━━ Provided data ━━

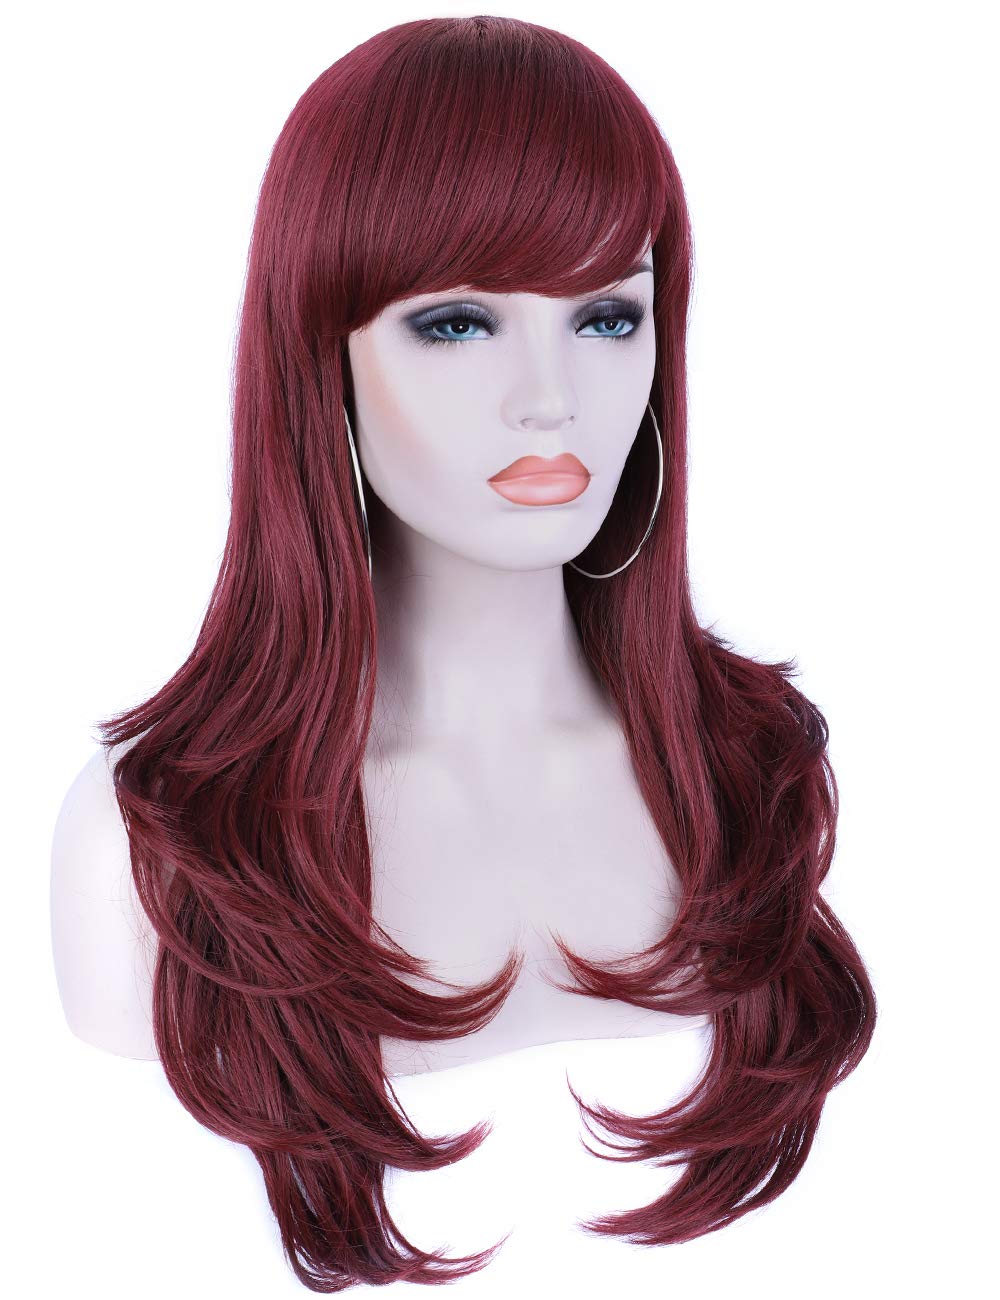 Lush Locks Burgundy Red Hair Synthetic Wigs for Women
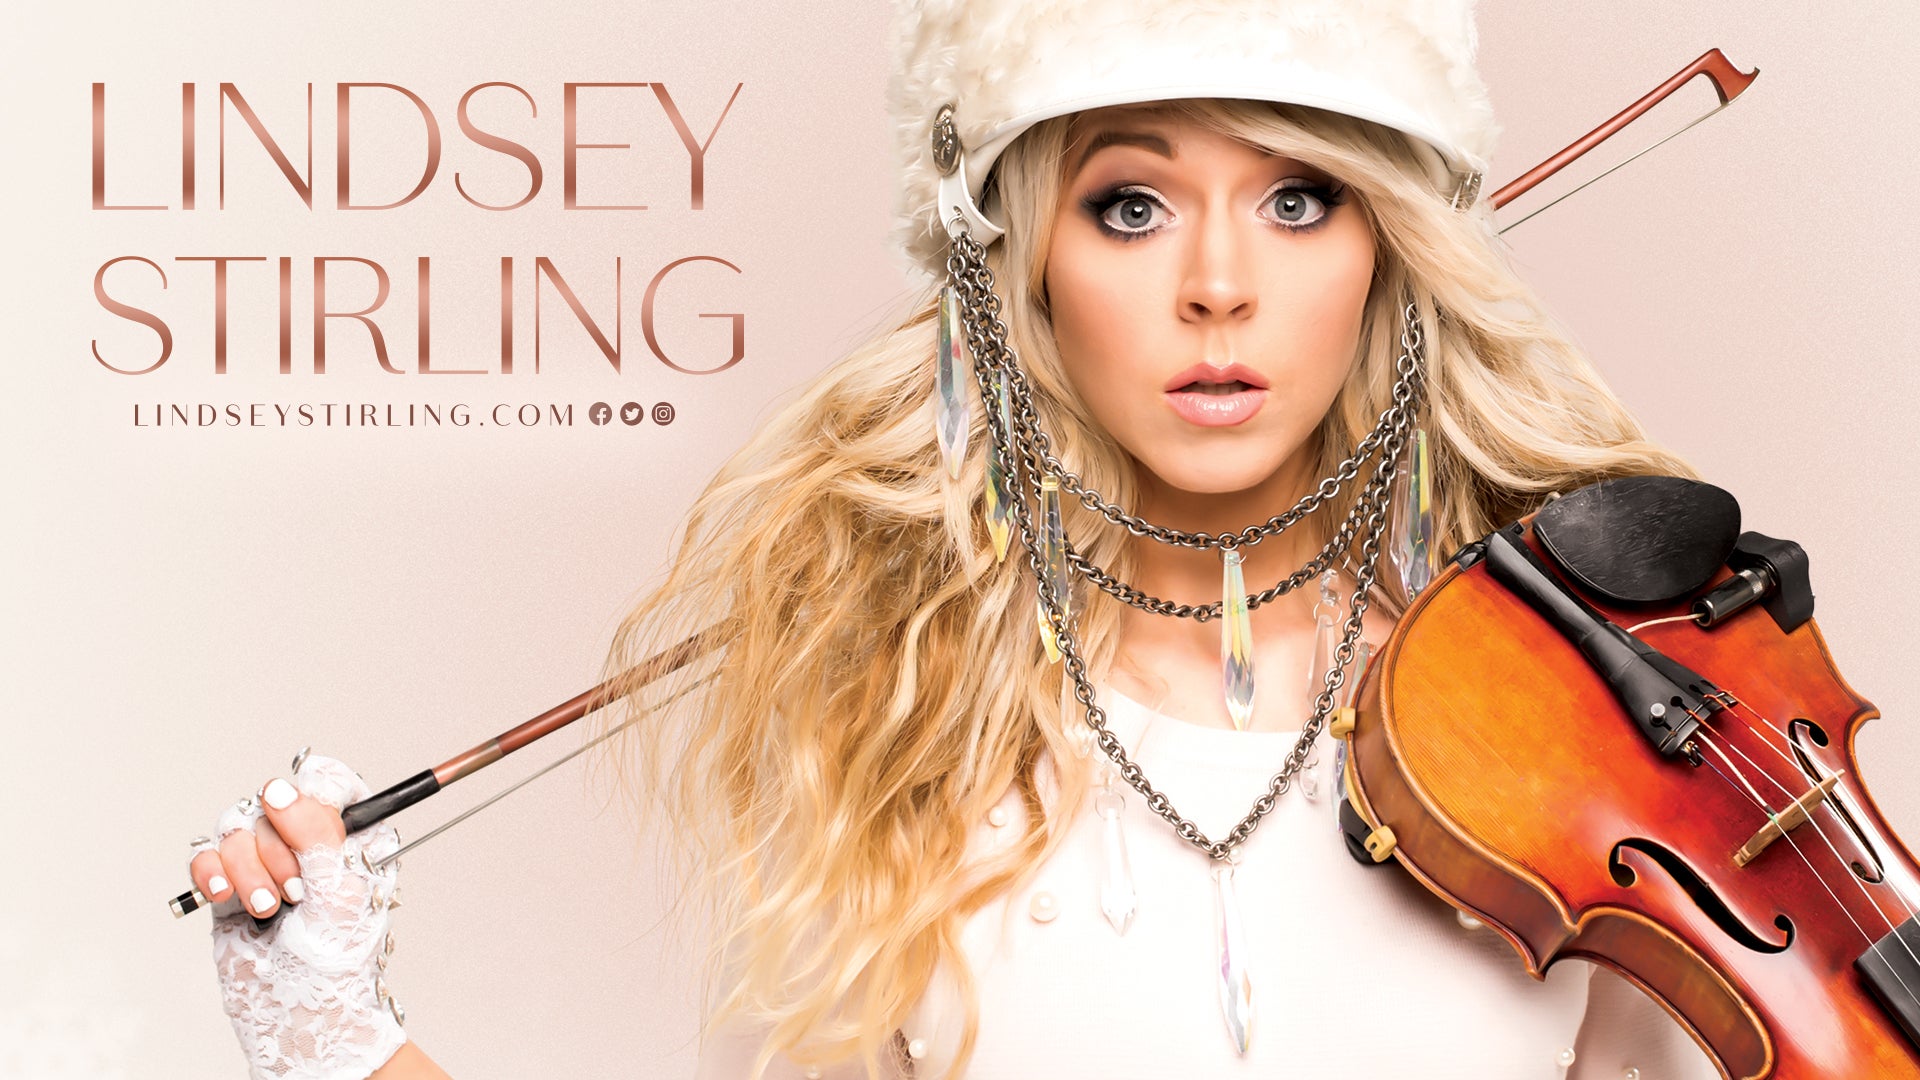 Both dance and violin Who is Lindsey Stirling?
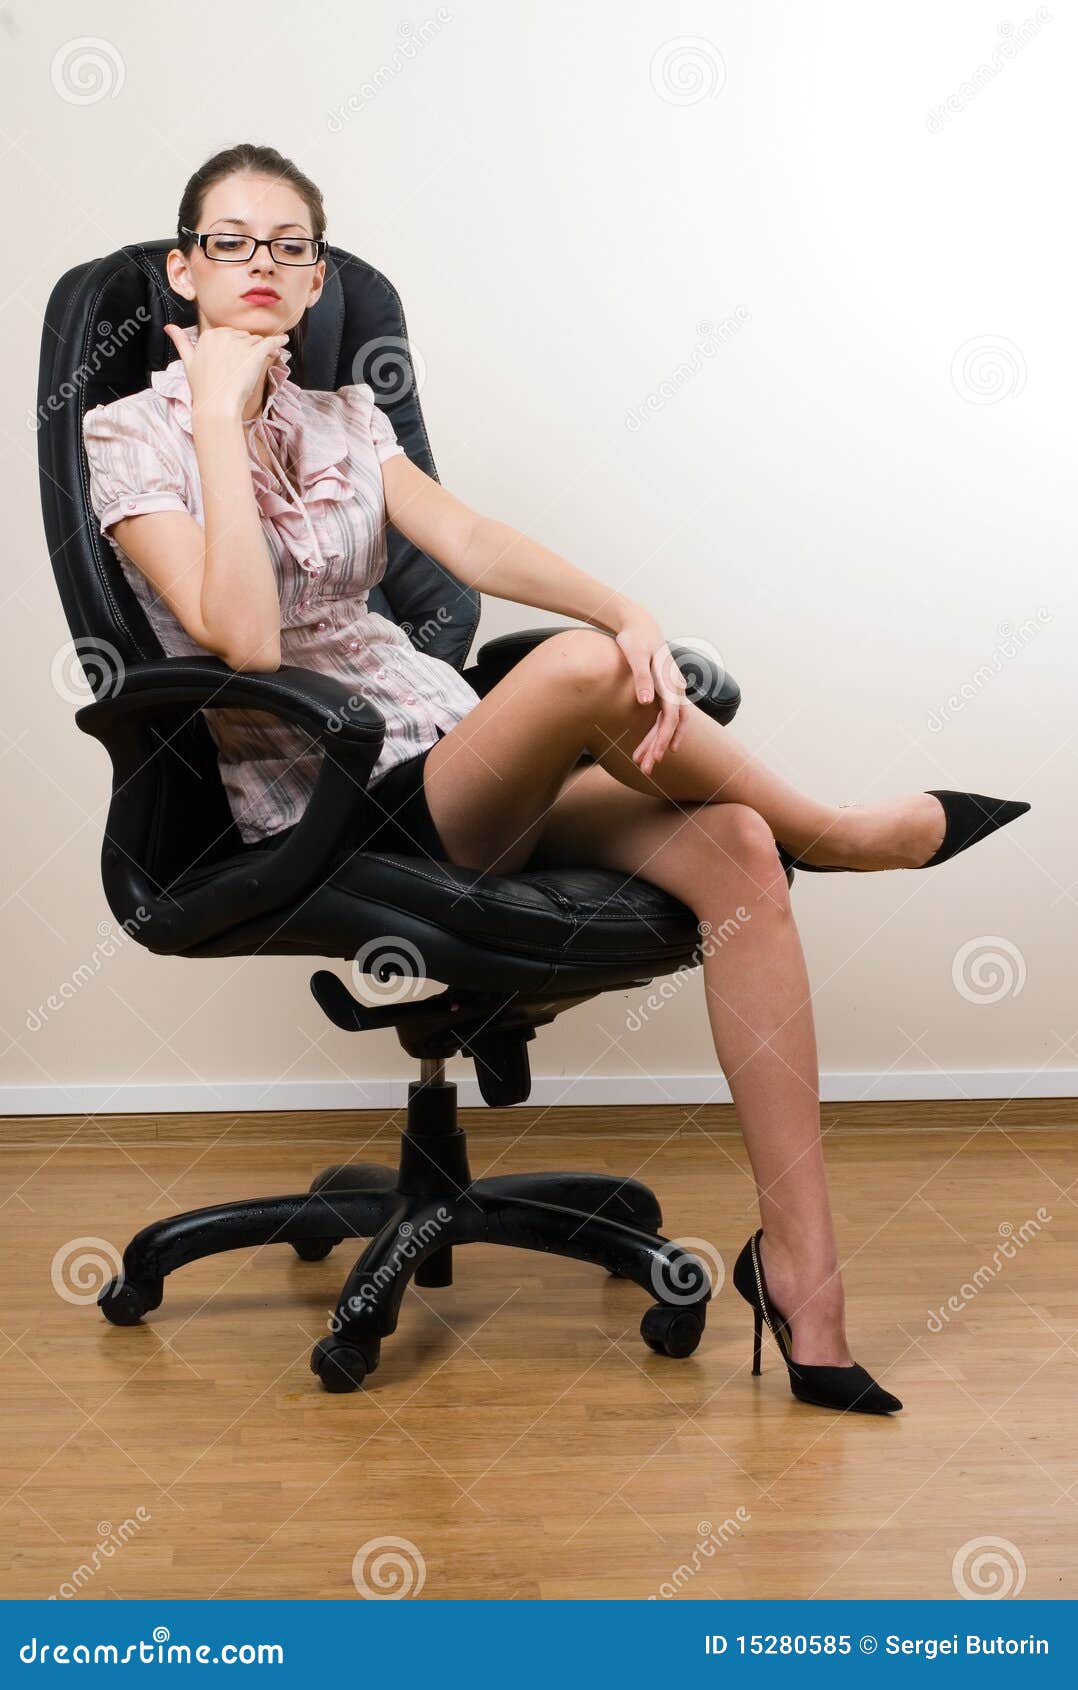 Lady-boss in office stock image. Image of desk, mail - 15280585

━━━

* _To do_: Starting at the line that holds "Both dance and", copy each line exactly through the end of the listing, both ends included. Leave the pictures out.

* _Task answer_:
 Both dance and violin Who is Lindsey Stirling?
 Lady-boss in office stock image. Image of desk, mail - 15280585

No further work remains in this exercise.